Опять услышит шум подков.
Зачем рефреном давишь тихо
Воспоминанья юных лет?
Из всех осталось только лихо
Да тонкий еле видный след
Блестит в грязи, неровна поступь —
Качает пьяного, как встарь,
И декорацией по мóсту —
Едва светящийся фонарь.
Покуда светит он в дорогу
Из века сам собой забыт,
В строках последних эпилога
Зачем я слышу стук копыт?
30. tamika25. ХИТИНОВЫЕ КАПЛИ РАЯ
Я — лобстер, приготовленный к столу.
С разбитым панцирем над каждым сочлененьем.
Был разноцветный — розовым помру.
Я буду съеден вечером весенним.
Клешни уже развязаны, но что за прок?
Они не в состоянии сомкнуться.
И я считаю только срок,
когда хитин наполнит ваши блюдца.
Наступит долгожданное Ничто,
и нить последняя сознания угаснет.
Я жил на дне, не веря ни во что,
а ухожу я в чей-то светлый праздник.
Но предвкушаю свой конец заслуженной наградой.
А тот, кому я подан, в предвкушении меня
налил себе холодного вина, ей — лимонада...
Достойный ужин в завершенье трудового дня.
...
Трещал камин полешками сухими,
был столик занят только перед ним.
И заплясало пламя красно-синим,
когда в него с тарелок скинули хитин.
Хитиновые капли рая
Вот то кафе. Перед камином столик.
Льняная скатерть цвета карамели.
Сто лет прошло. А помнишь, каждый вторник
с тобою здесь мы раньше вкусно ели?
Когда за окнами зима ткала метели,
мы так любили слушать треск поленьев...
Однажды лобстера ты заказал. Мы ели
его в мой тридцать первый день рожденья.
Мой день рожденья, а его — день смерти.
Хитином красным обжигало мысли.
И под ногами не хватало тверди,
и руки на мгновение обвисли.
Я вдруг спросила: если умирают
лангусты, раки, лобстеры, креветки,
где поселяются их души — в рае?
хитиновыми каплями на ветках?
Мне так хотелось оправдать «убийство»,
но было мясо лобстера вкуснейшим.
Я запила смятенье горьким виски.
В камине пламя рдело на полешках...
...Сегодня что у нас, как прежде, вторник?

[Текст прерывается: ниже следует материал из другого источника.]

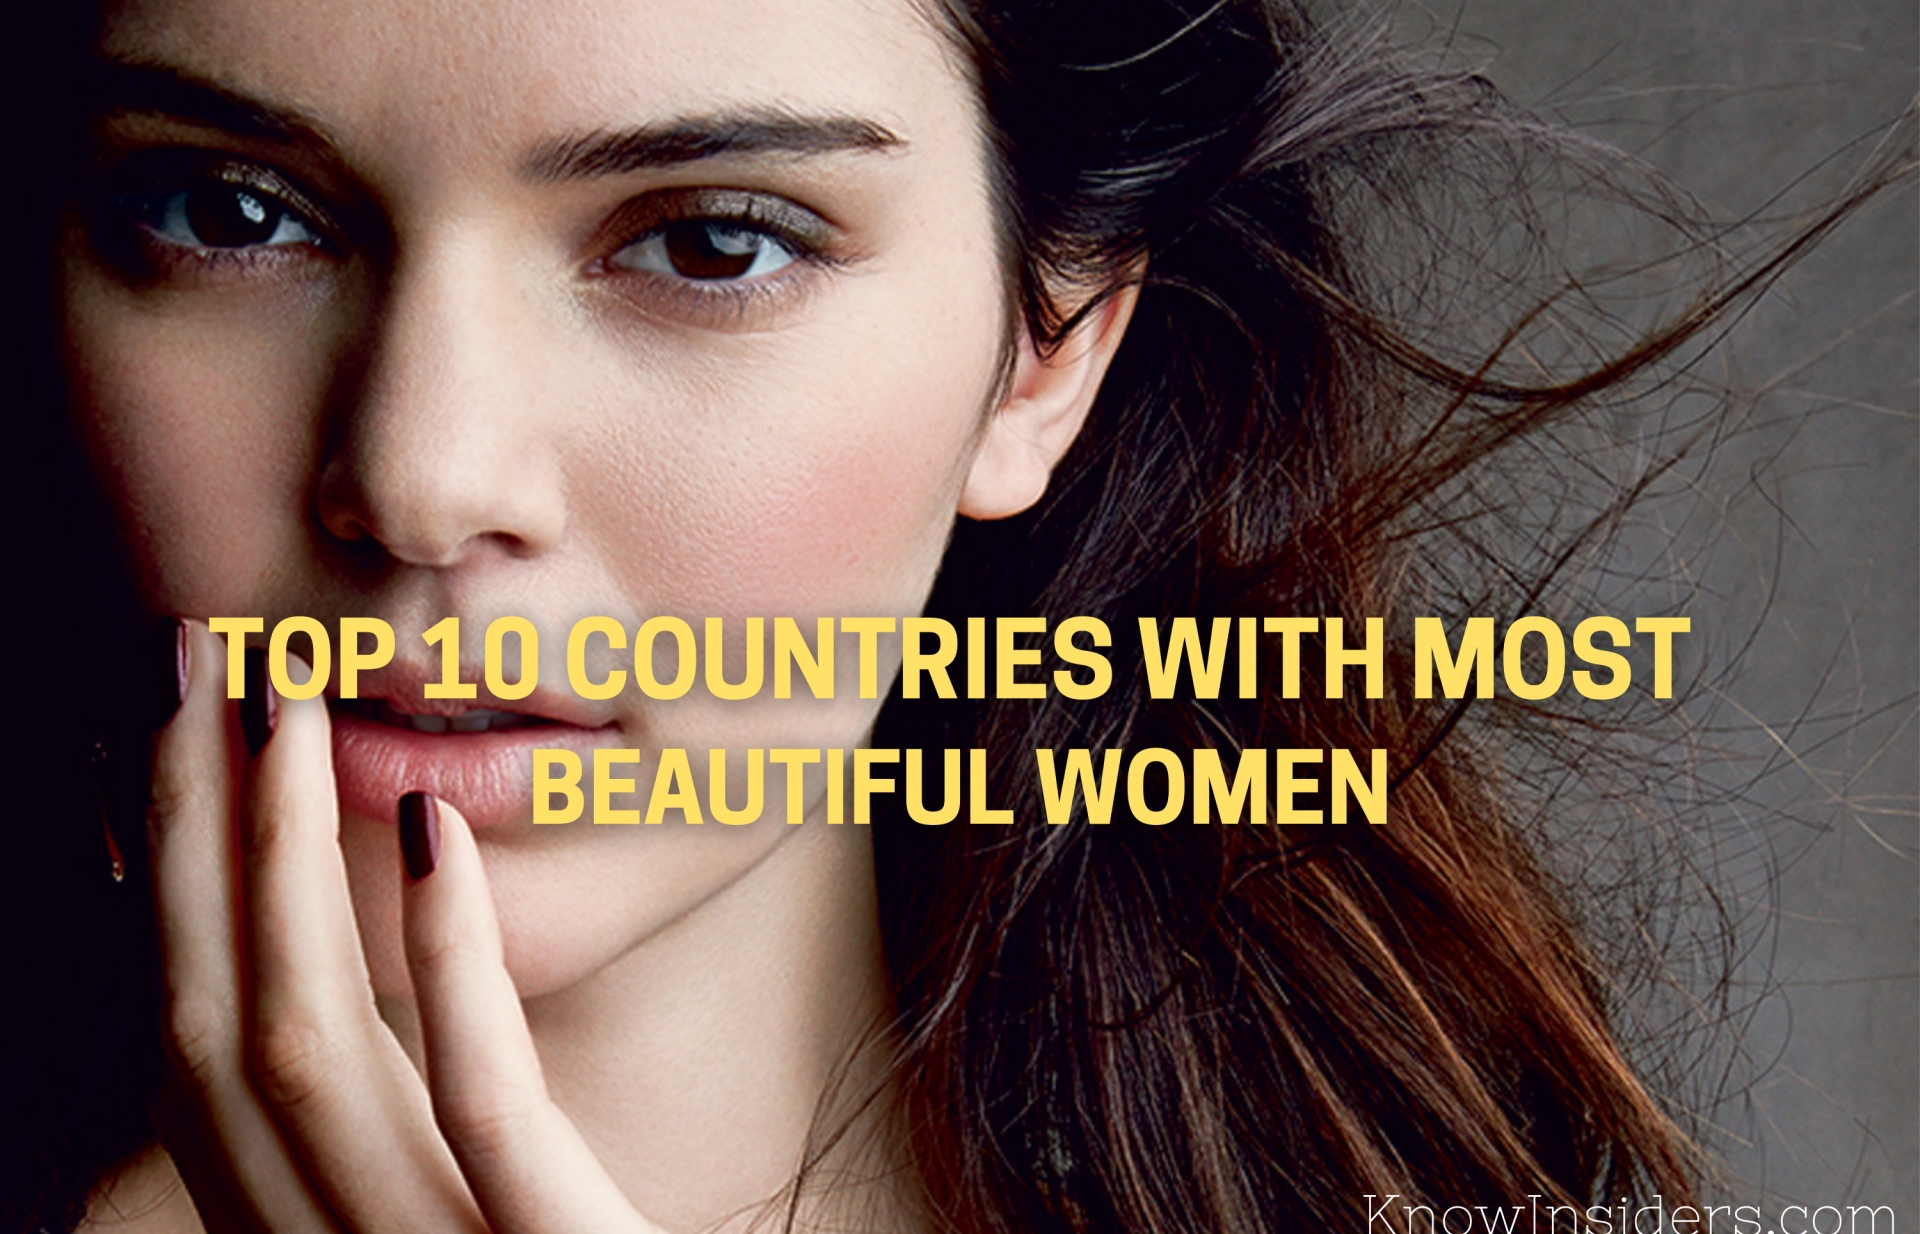 Top 10 Countries Having Most Beautiful Women in the World

Налей-ка мне, любимый, лимонада.
Закат пунцовый лег на подоконник.
Ты... хочешь лобстера попробовать? Не надо...
31. IRIHA. ДАВИЛОСЬ НЕБО ОБЛАКАМИ
Оборотка на оригинал:
и оборотку на него:
Воспоминания о воспоминаниях
Глотая тишину, как валидол,
Смотрело небо цвета горькой сливы,
Как ангелы ко мне входили в дом,
Где пахло незабудками и пивом.
Я видела, как яблоневый сад,
Раскачивая кроны еле-еле,
Шумел о том, что не был виноват
Никто из нас двоих на самом деле.
И было равносильно волшебству
Гулять с тобой по гибнущему парку ,
Смотреть, как дети падают в траву,
И как собака бегает за палкой.
Ночь коротка, и близится рассвет,
И сны мои ползут по вертикали.
Но ангелов в них не было и нет.
И яблоки в саду давно собрали.
Глотая тишину
Глотая тишину громадными комками,
Давлюсь слезами сладкой ваты.
Привыкла сладость я изображать годами,
внушая всем, что мы не виноваты.
Заброшенный вишнево-яблоневый сад
мне заговорщицки кивает — он согласен.
Он тоже был ни в чем не виноват,
Когда Лопахин... Впрочем, хватит басен...
Сад плачет — дети падают в траву
с высоких веток чистыми слезами.
Летят, как ангелы, по волшебству...
Да нет, согласно физике — по вертикали.
Сад умирает и, конечно же, скорбит.
Ведь вишни отцвели, как хризантемы.
И даже уксус яблочный пролит
в салат стихов, рождающий лексемы.
Давилось небо облаками
Глотая тишину, как давнюю обиду,
Вчера давилось небо облаками.
Возможно, посыпало кучевых карбидом.
Потом ведь, морщась, плакало часами,
Не в состоянии понять невиноватых...
Но самосуд раскатом нео-грома
Стрелял по тишине. Стонали перекаты.
И вызревали сизым гематомы,
И ширились, и расползались к горизонту,
Как пропасти оскал. А между ними
Метался бестолково ангел с лямбда-зондом
Насмешкою над судьбами людскими.
Последний дождь перед Крещением морозным
Над всеми «i» расставил метко точки.
И небо, позабыв обиды, стало звездным.
Смотри — висит игривый серп из мочки.
32. tamika25. КАЧАЮТСЯ ВЕТКИ...
С. П.
Сижу и смотрю в темноту на качание веток...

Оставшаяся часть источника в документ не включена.